Sanha langsung ingat dimana Jinyoung makan sandwich dengan saos berwarna merah pekat dan cukup kental. Apa benar itu darah?
"Stop! Sekarang gue tanya, ada yang tahu siapa yang bikin game ini? Gue mohon jujur, gue gak mau ada korban lagi!" Bentak Renjun frustasi.
Tidak ada yang menjawab. Renjun mengusak rambutnya, dia benar-benar bingung sekarang. Siapa sih dalang dibalik semua ini?
"Yonghee yang bikin gamenya."
Suara dingin Jinyoung mengejutkan mereka semua. Suasana yang awalnya tegang berubah mencekam.
"Tapi, game yang dia buat gak kayak gini. Ada yang merubah semuanya dan sengaja memainkan gamenya di kehidupan nyata."
Sanha tergagap-gagap sambil menunjuk temannya itu. "Ta-tapi, lo tau siapa dalangnya?"
"Lo sengaja mengulur waktu supaya lo gak dibunuh, kan? Vampire sialan, gue gak mau mati ditangan makhluk kayak lo!"
"Jeno, jangan!!!"
Soobin dan Sanha langsung maju menahan Jeno. Mereka memegangi tangan temannya itu sambil berusaha menariknya menjauh dari Jinyoung yang hanya diam saja.
"Dia vampire! Kulit dia pucat, suhu badannya dingin, dan dia selalu makan sendiri," ucap Jeno mengutarakan pendapatnya.
Disela perdebatan mereka, Haechan bergelut dengan pikirannya. Dia sibuk memikirkan clue yang dimaksud.
"Jangan-jangan Hwang Hyunjin temennya Jisung? Dia lahir bulan Maret, tapi dia gak pendiem," gumamnya, bingung.

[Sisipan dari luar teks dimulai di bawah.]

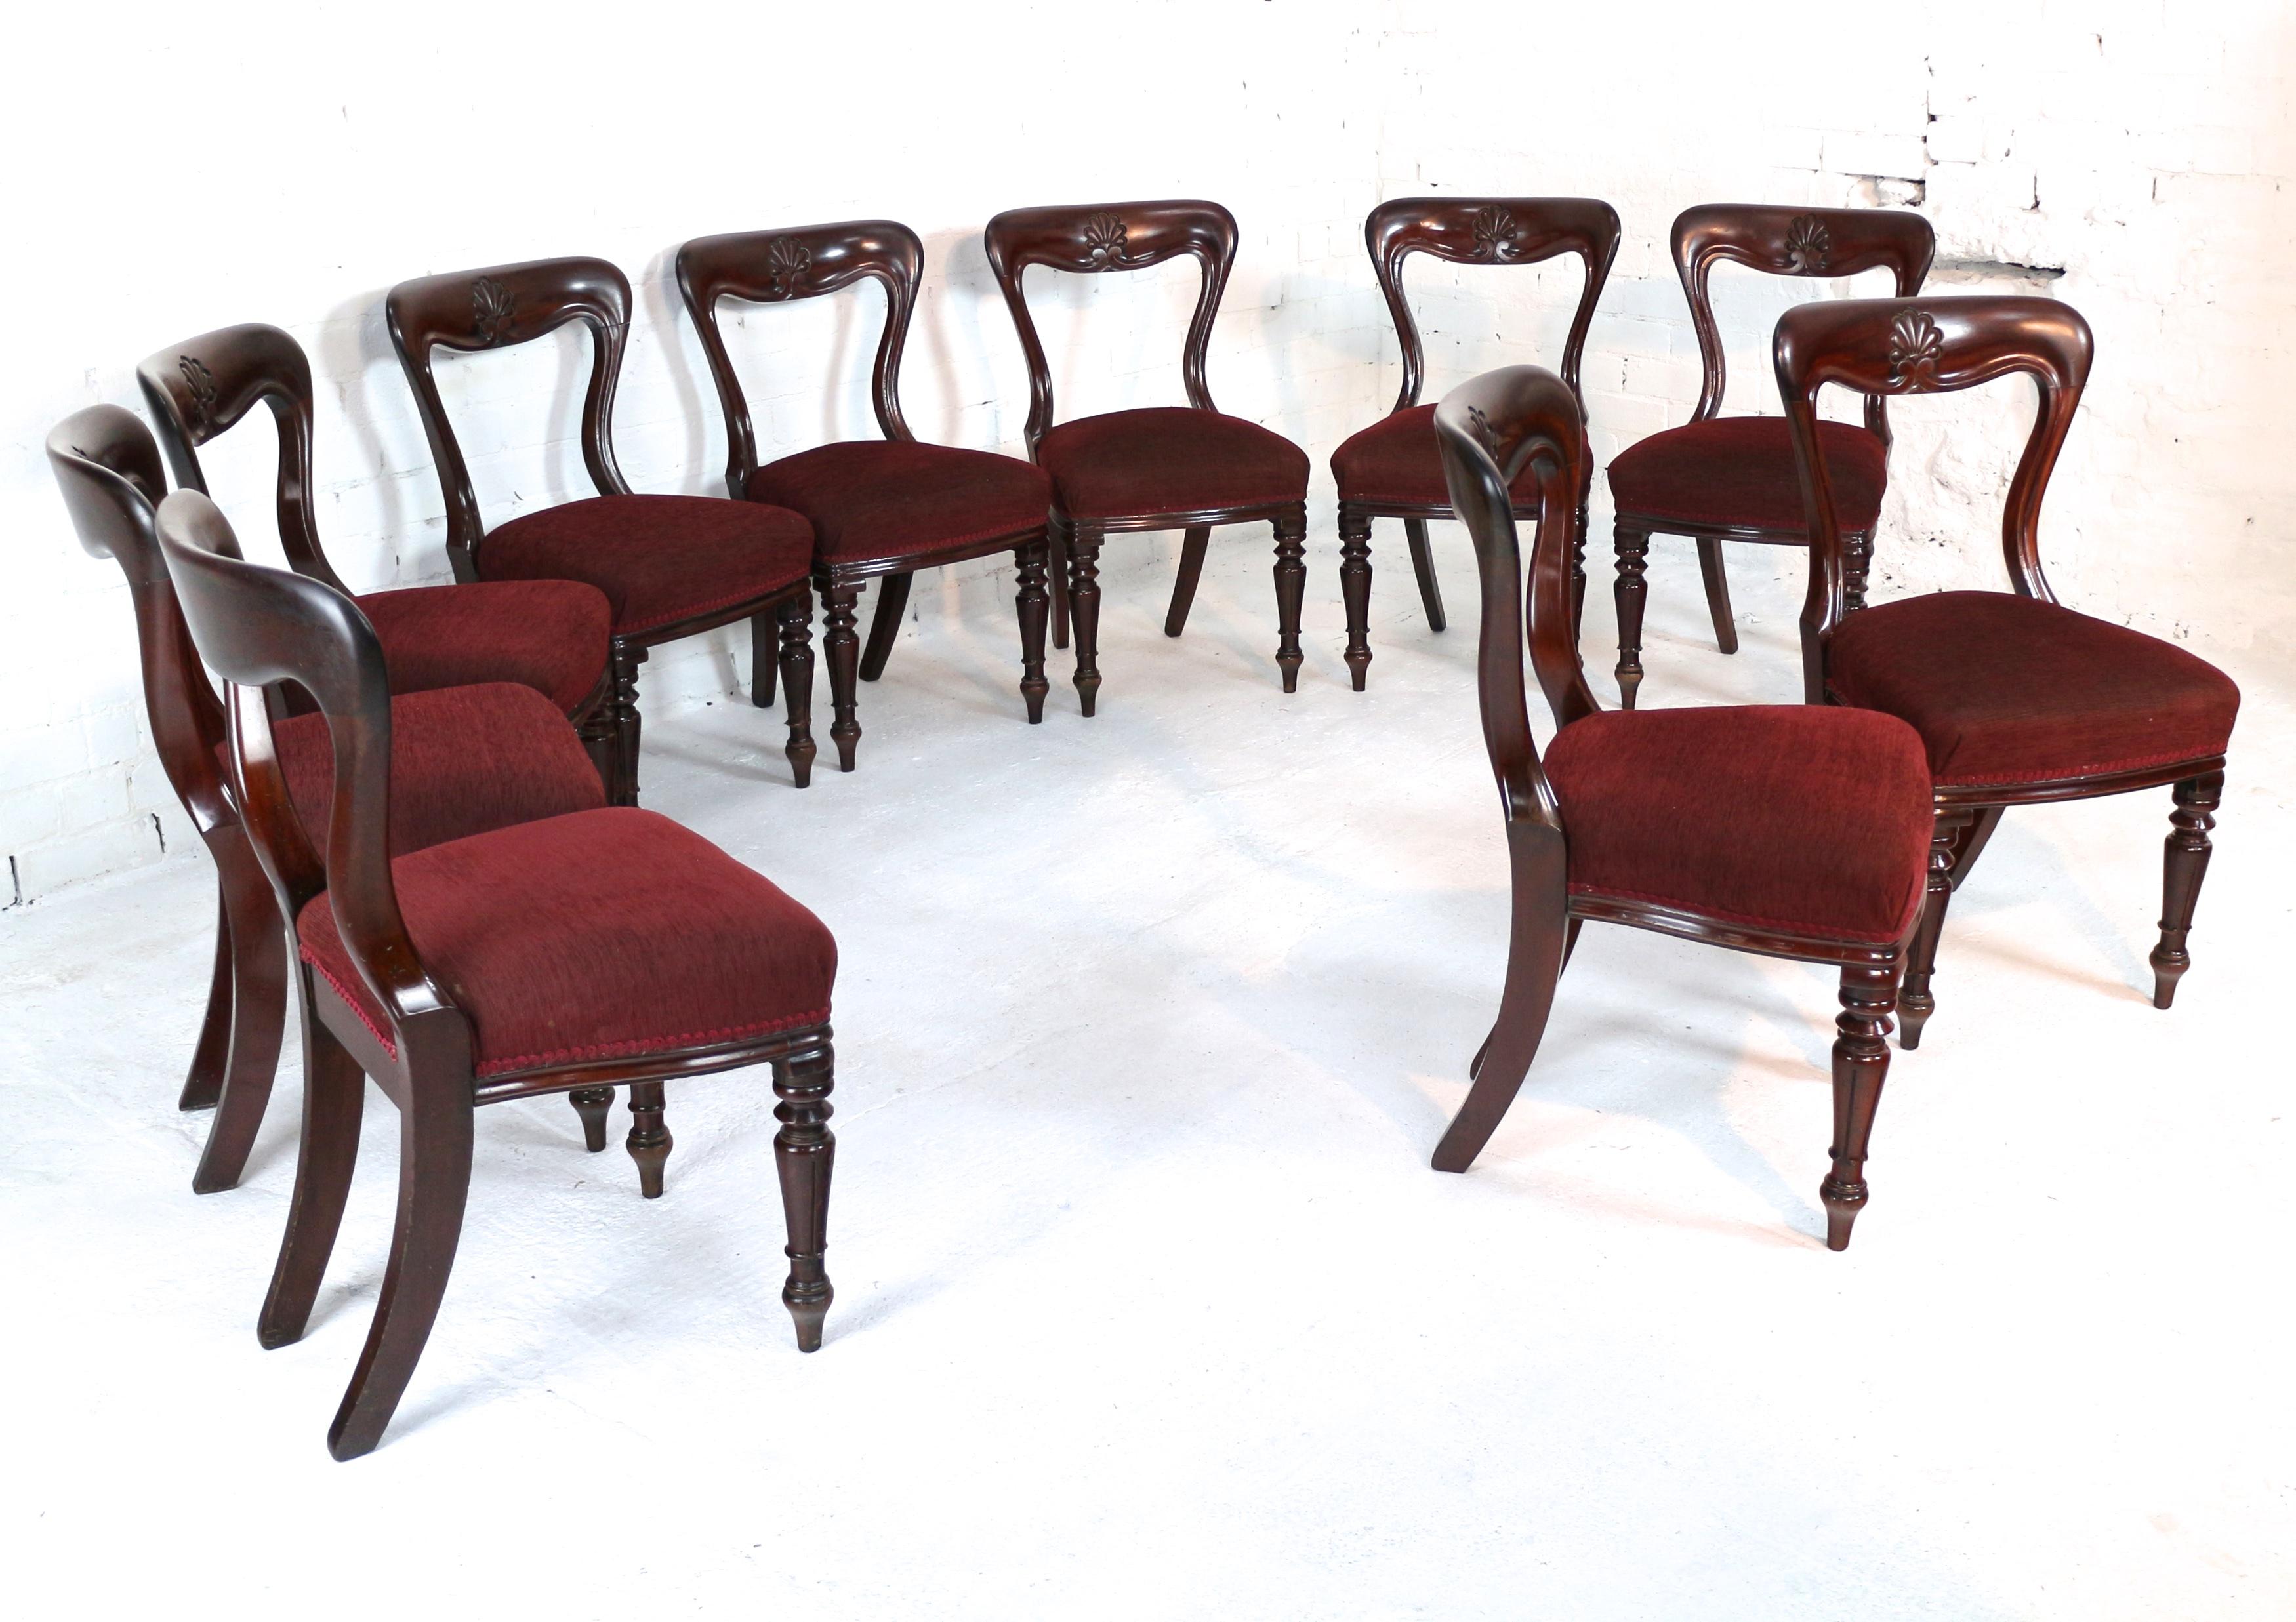 Un fantastique ensemble de dix chaises de salle à manger William IV en acajou datant d'environ 1830 et par J Proctor. Fabriquées dans un acajou dense et finement figuré de la meilleure qualité, ces chaises sont plus lourdes que les chaises standard

"Kalian berdua mau hidup atau mati?"
Sontak Sanha dan Soobin memperat pegangan mereka pada Jeno agar tidak terlepas. Jeno yang amarahnya sudah mencapai ubun-ubun dengan sekuat tenaga memberontak agar dilepaskan.
Jinyoung geleng-geleng kepala sambil terkekeh. Dengan santai dia berjalan ke arah jendela, menggesernya, lalu naik ke atas meja dan melompat keluar.
Haechan langsung menepuk jidat. Kenapa nggak kepikiran dari tadi?!
Jinyoung berjalan santai menyusuri koridor sekolahnya yang sepi. Awalnya dia sendirian, tapi tak lama kemudian dia melihat seseorang sedang mengendus-ngendus sesuatu.
"Yonghee?"
Orang itu bergeming. Badannya yang membelakangi Jinyoung membuatnya ragu apakah dia adalah Yonghee atau bukan.
"Lo Yonghee, kan?"
Oke, Jinyoung mulai ragu. Kalau dia Yonghee, seharusnya dia menoleh kepadanya dong, tidak diam seperti itu. Dan rambut orang itu berwarna pirang, sementara rambut Yonghee berwarna coklat.
Sinyal bahaya pun menyala, Jinyoung mengambil posisi waspada. Orang itu tertawa pelan, sebelum akhirnya berbalik badan menghadapnya.
"Kenapa sih vampire harus dibunuh? Mereka kan juga mau hidup."
Dia terkekeh pelan. Sebagian wajahnya diterangi sinar lampu yang remang-remang. Matanya merah menyala.
"Kaget ya? Gue kan vampire setengah manusia, jadi gak ada yang bakal curiga sama gue."
Jinyoung mendesis. "Lo ngapain disini?"
"Cari makan. Oh ya, di kelas lo banyak makanan, kan? Kayaknya darah mereka enak."
Jinyoung mengepalkan kedua tangannya erat. Kemudian dia mendongak, menatap orang di depannya dengan tatapan tajamnya.
"Gue bakal bunuh lo kalau lo sentuh mereka."
"Aduh, serem banget, sih. By the way, gue udah nyicipin darah salah satu temen lo, enak banget. Namanya Park Jihoon, anak polos yang gampang banget gue tipu."
Orang itu berhenti tertawa. Senyumannya sirna digantikan dengan seringaian kecil yang membuat Jinyoung semakin waspada.
"Jinyoung, ikut gue, yuk."
Keesokan harinya, Jinyoung tidak kembali. Dia menghilang.